I love Netflix. I hate Netflix. But mostly, I hate Netflix.
Correction: it’s Netflix CEO Reed Hastings that I can’t stand. He has, without literally declaring it, gone to war with the movie industry.
During a recent Q&A session at his company’s headquarters, Hastings made this glib and intentionally demeaning comment about movie theaters:
- “How did distribution innovate in the movie business in the last 30 years? Well, the popcorn tastes better, but that’s about it.”
That irresponsible dig is not only false on its face – one need only look at the expansion and growth of stadium seating, recliners, and IMAX/big screen experiences to see how insulting that is to theater chains and upscale indie theaters alike (not to mention 4D cinema that engages senses beyond eyes and ears) – but it’s actually childish, provocative slander on Trumpian levels.
Hastings is not dealing in facts, only baseless smears.
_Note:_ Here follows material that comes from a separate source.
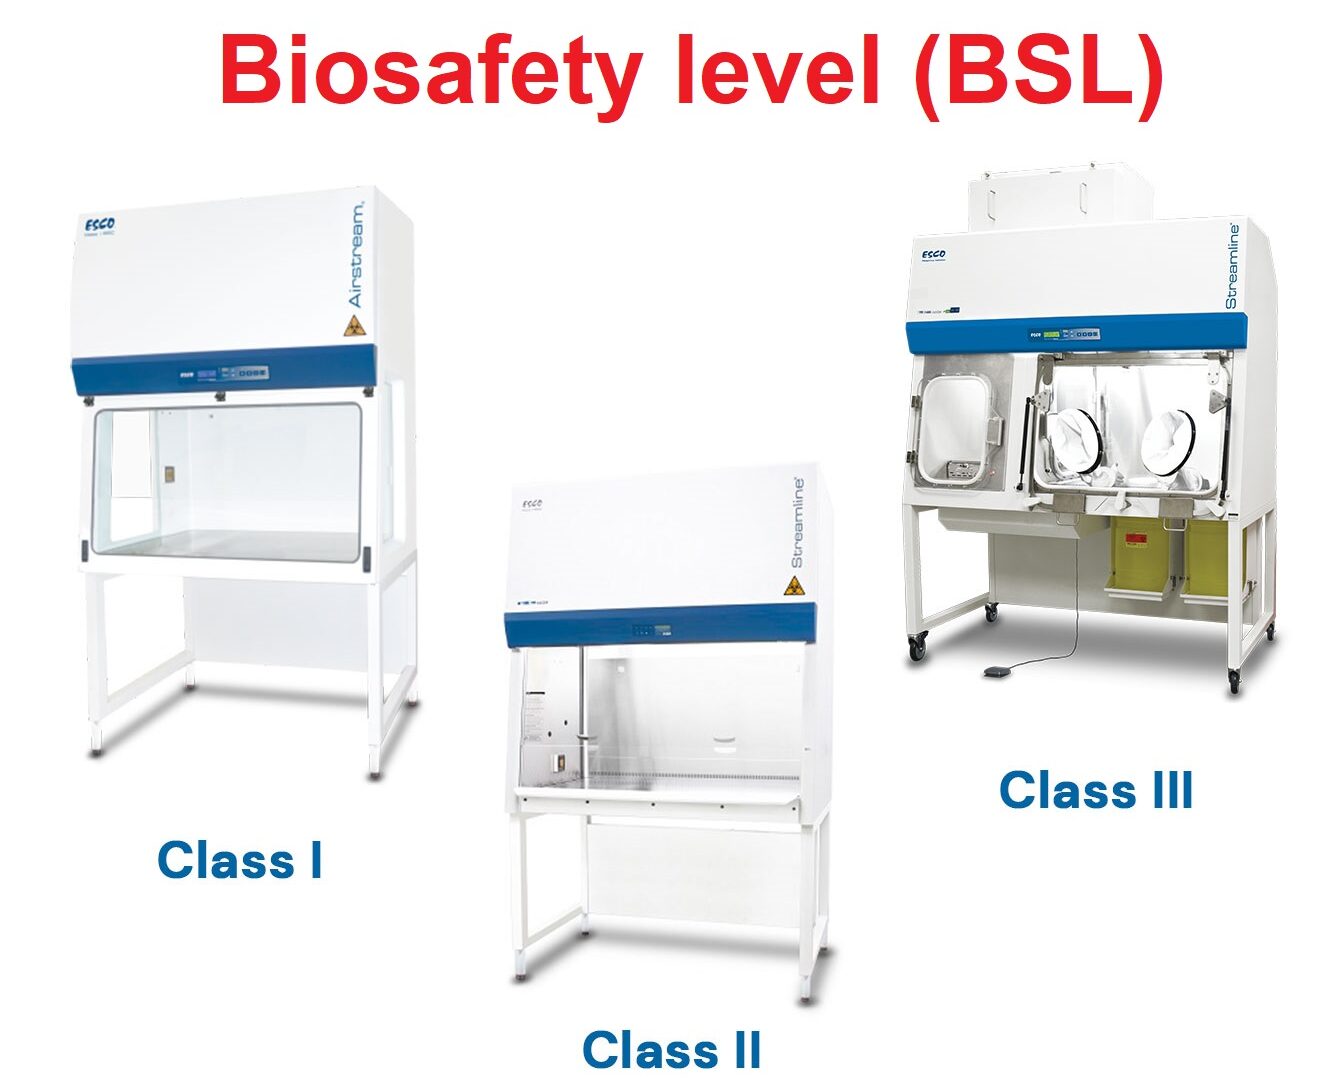 Biosafety level (BSL)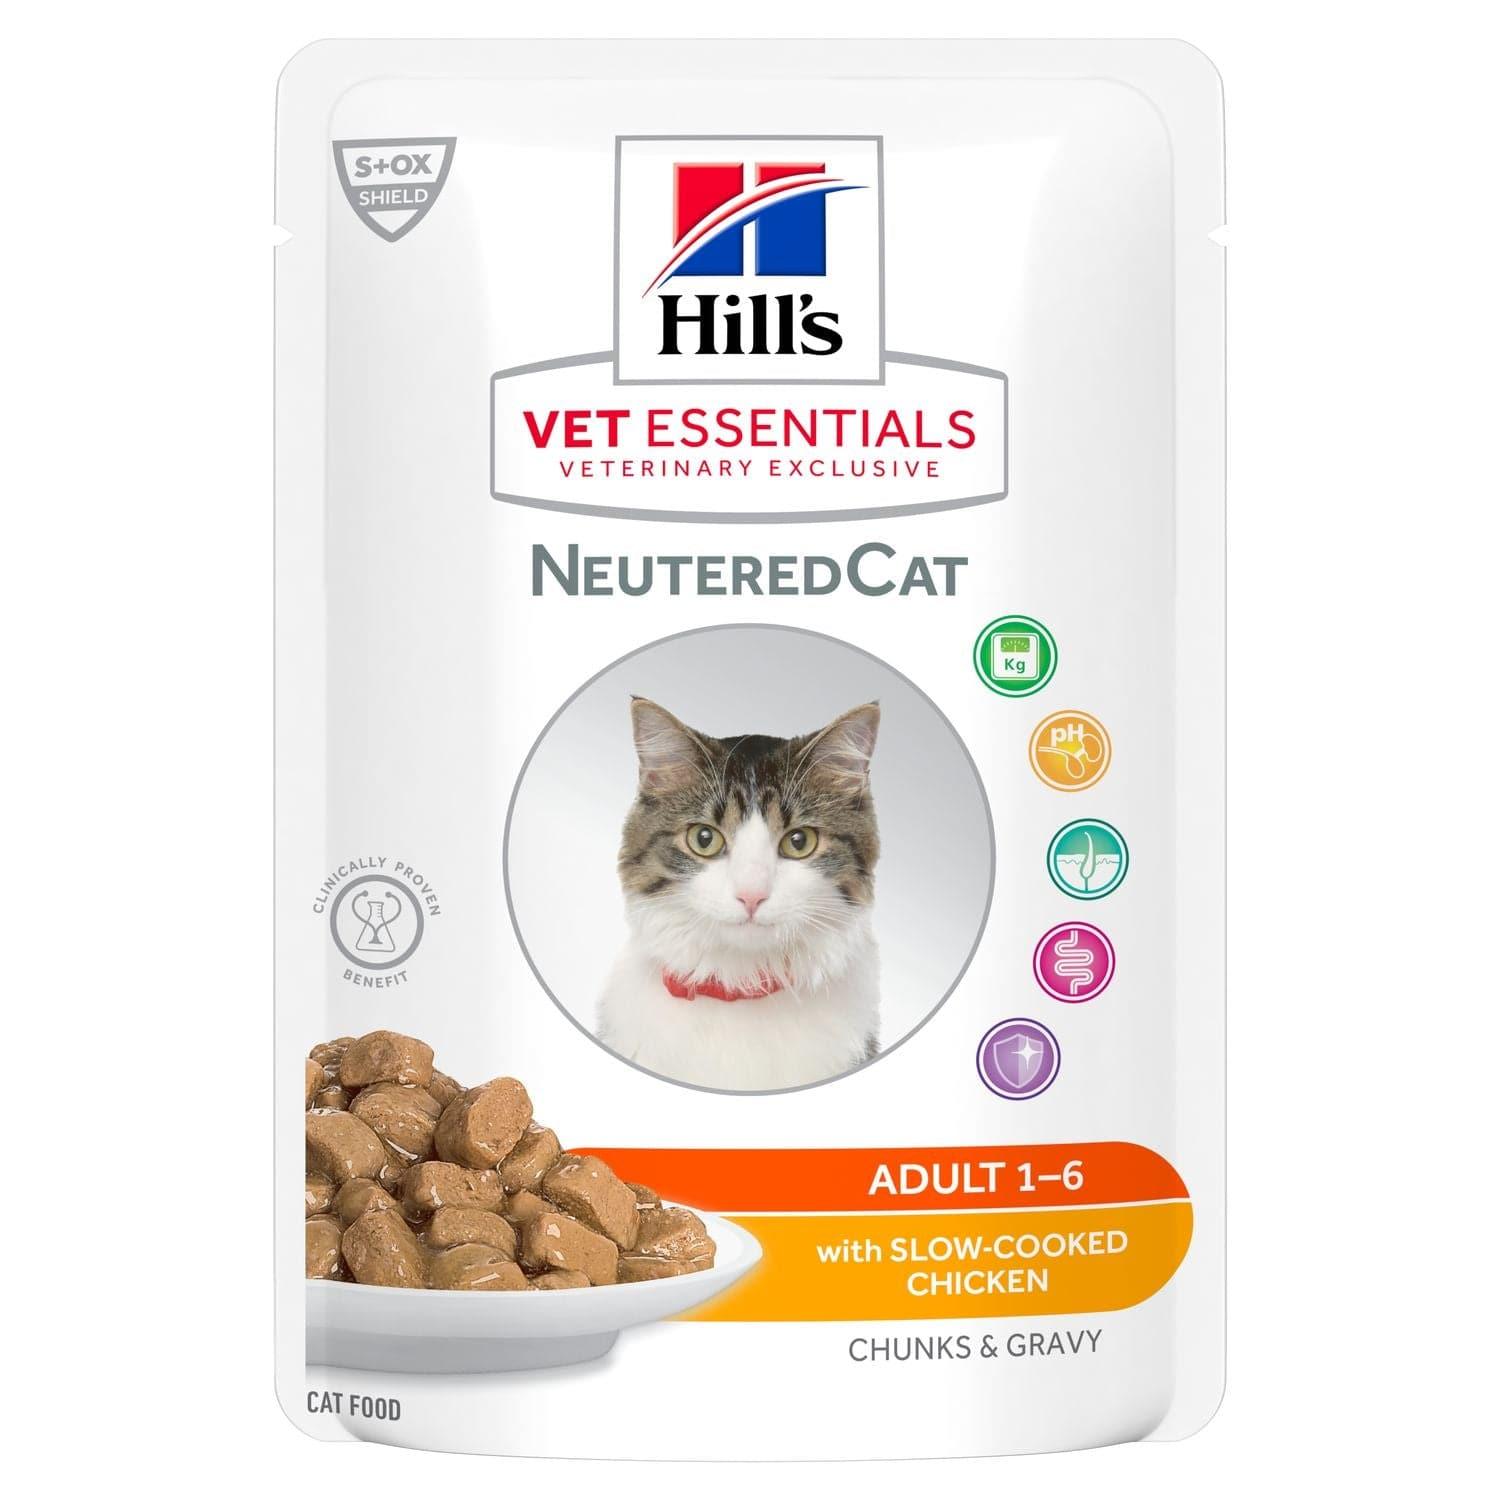 NeuteredCat Adult Nassnahrung - Hill's VetEssentials - Alter:Adult, Futterart:Nass, Geschmack:Huhn, Kastriert:ja, Tierart:Katze - Marigin AG Onlineshop für Tierbedarf

But why?
If his ongoing Netflix strategy is any indication, the answer is simple: Hastings isn’t merely in competition with movie theaters, he wants to eliminate them. A means to that end is to mock and berate theater chains in a populist manner that bares no resemblance to actual reality.
In a follow-up comment, Hastings claimed that all Netflix “wants to do is unleash film” and is “fundamentally about growing the movie business”. This is brazen doublespeak, intended to obfuscate his real goal: to have all eyes on one screen – his. That’s an existential threat for movies in the long term because his one screen is on TVs and smaller portable devices, and how we engage movies is inextricably linked to what they are.
(To read Tim League’s response to Hastings’ assault on movies, click here. League is the co-founder and CEO of Alamo Drafthouse Cinemas.)
You might say, “Jeff, Hastings isn’t trying to marginalize movies, just theaters.” Wrong. The two can’t be separated. When you marginalize theaters, you damage movies.
More to the point, Netflix isn’t in the movie business. It’s in the Netflix business. And given their deliberate erosion of the theatrical experience, that makes Netflix an enemy of the movies.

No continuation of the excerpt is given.